【夏に楽しむ味・店】京田辺市・さんさん山城コミュニティカフェ/採れたて野菜を“ワンコイン”で 農業と福祉連携、居心地いい場所に
京田辺特産のナスやエビイモをはじめ、トマトや万願寺トウガラシなど、採れたて野菜を使った日替わりランチが500円で食べられるカフェが人気です。
作っているのは聴覚や精神などに障がいのある20代から80代までの31人。スタッフと共に畑で苗作りから収穫、加工、調理まで行っています。
京田辺市興戸にある障害者就労支援事業所「さんさん山城」(社会福祉法人京都聴覚言語障害者福祉協会)内にある「コミュニティカフェ」。ランチは1品だけ。この日は夏野菜がふんだんに入ったサンサンカレーとサラダ。
皮が薄くジューシーな京都田辺ナス、ニンジンやジャガイモも自分たちで作った野菜です。米も京田辺産。大盛り、おかわり無料。毎日40~50食を完売します。
人気メニューのトップは、京都田辺ナス丼。採れたてのナスを焼いてオリジナルのたれをかけたもの。次いで京都えびいもコロッケ。エビイモは高級食材ですが、冬場に収穫して冷凍してあるため、年中使えます。常連客の女性たちは「おいしい野菜がワンコインで楽しめるなんてね~」と笑顔。子連れのお母さんたちは別室の和室でくつろいでランチ。「打ち合わせもできるし、絵本や遊具もあり、子どもを遊ばせておけるので、助かります」。
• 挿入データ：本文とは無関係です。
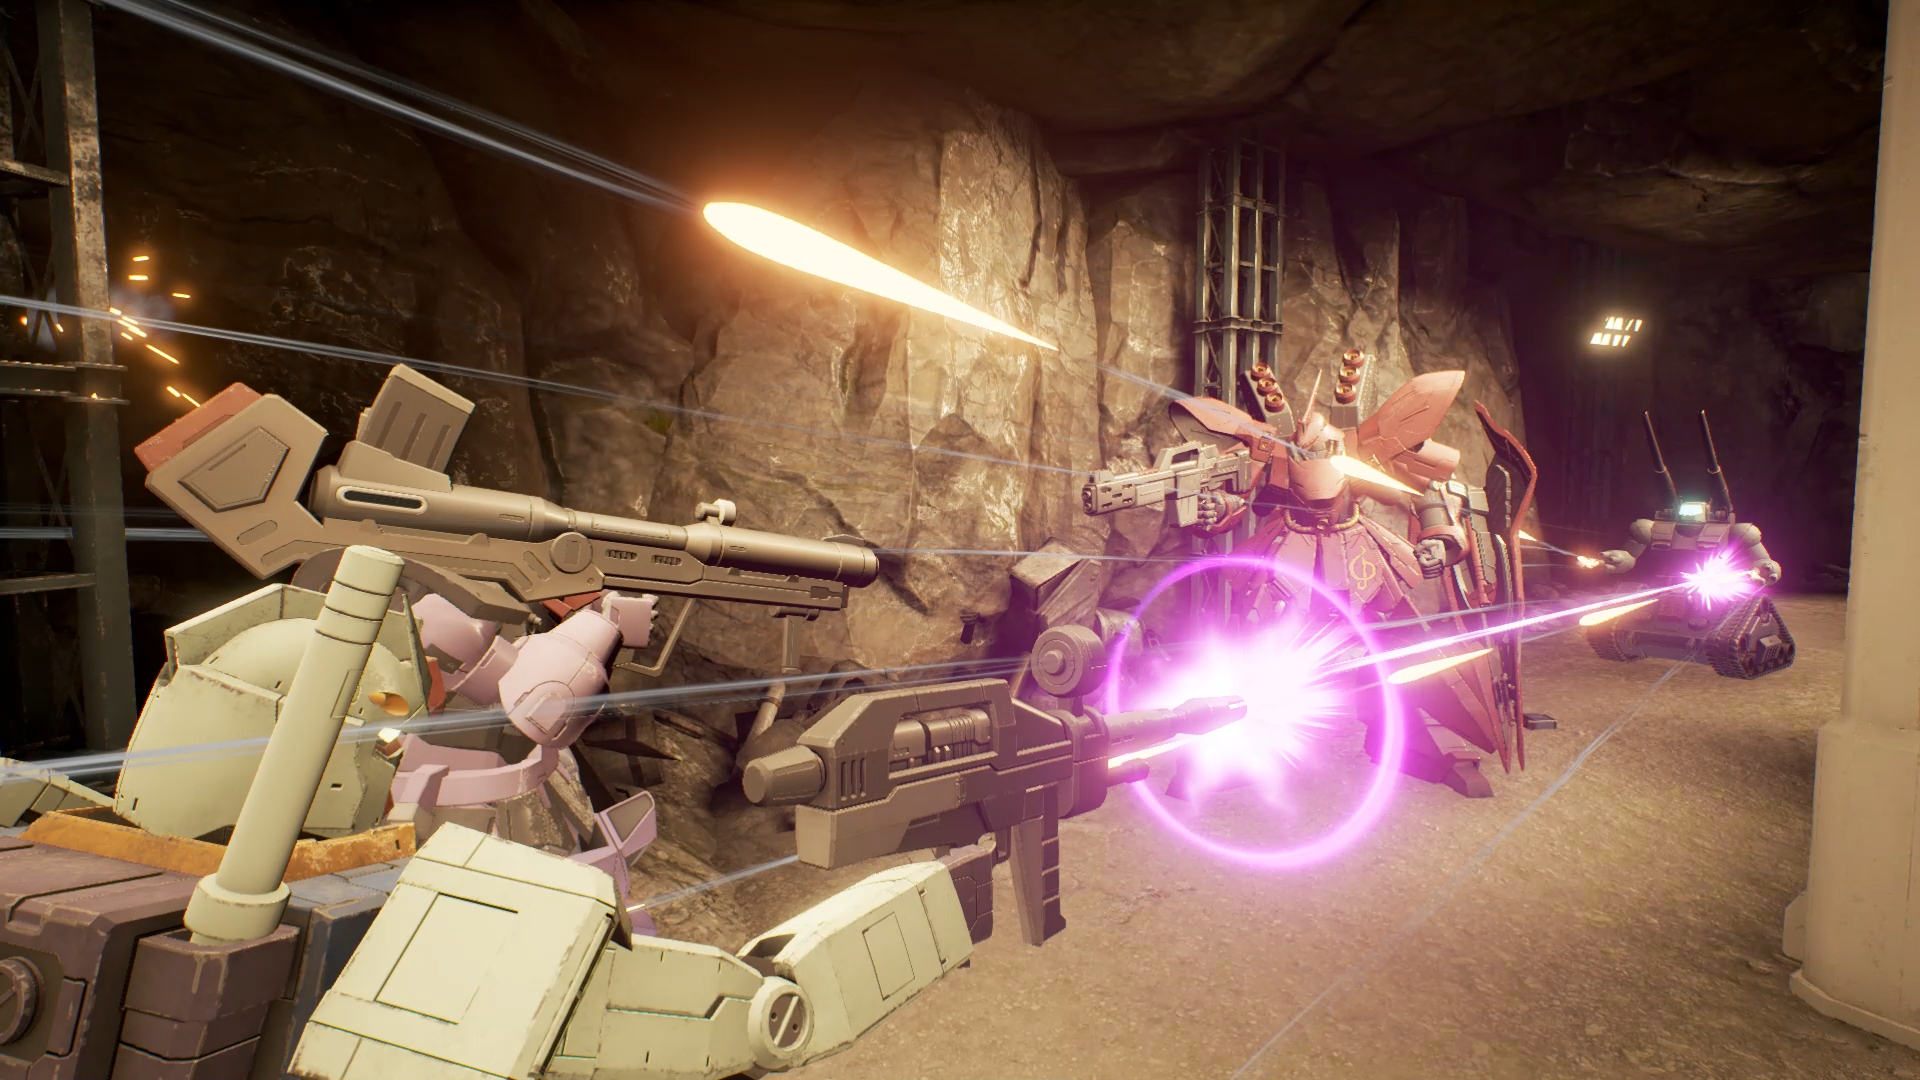 弾幕で強力な後方支援ができるガンタンク

同事業所は2011年4月開設。農家の後継者が減り、特産野菜が衰退していく中で、新たな担い手として農業に取り組もうと始めたもの。休耕地を利用し、農家や農協などから栽培法や農業技術などを教わり、交流が深まる中で、畑は70㌃まで増え、30種の野菜やお茶を作るまでになりました。長年、障害者運動にかかわり、事業所管理者でもある藤永実さんは「近所の農家が規格外のエビイモをコロッケ用にと持ってきてくれる。地域との信頼が深まっている」と話します。
収穫した野菜はJAを通じて出荷したり、イベントにも出店。自分たちの作った野菜を使った店をやりたいという声が出され、17年4月に事業所内にカフェをオープン。お茶を使ったクッキーや七味唐辛子などの加工品も依頼が急増中です。
施設長の新免修さんは「農業と福祉の連携が注目され、全国から視察に見えます。障害者にとっても地域の人にとっても居心地の良い場所になってくれたらうれしい」と話しています。
京田辺市興戸小モ詰18─1。ランチは1種類。営業時間は午前11時~午後3時、土日曜休(ランチは午前11時半~午後2時。完売次第終了)。さんさん山城コミュニティカフェ☎0774・39・7113、0774・65・4102。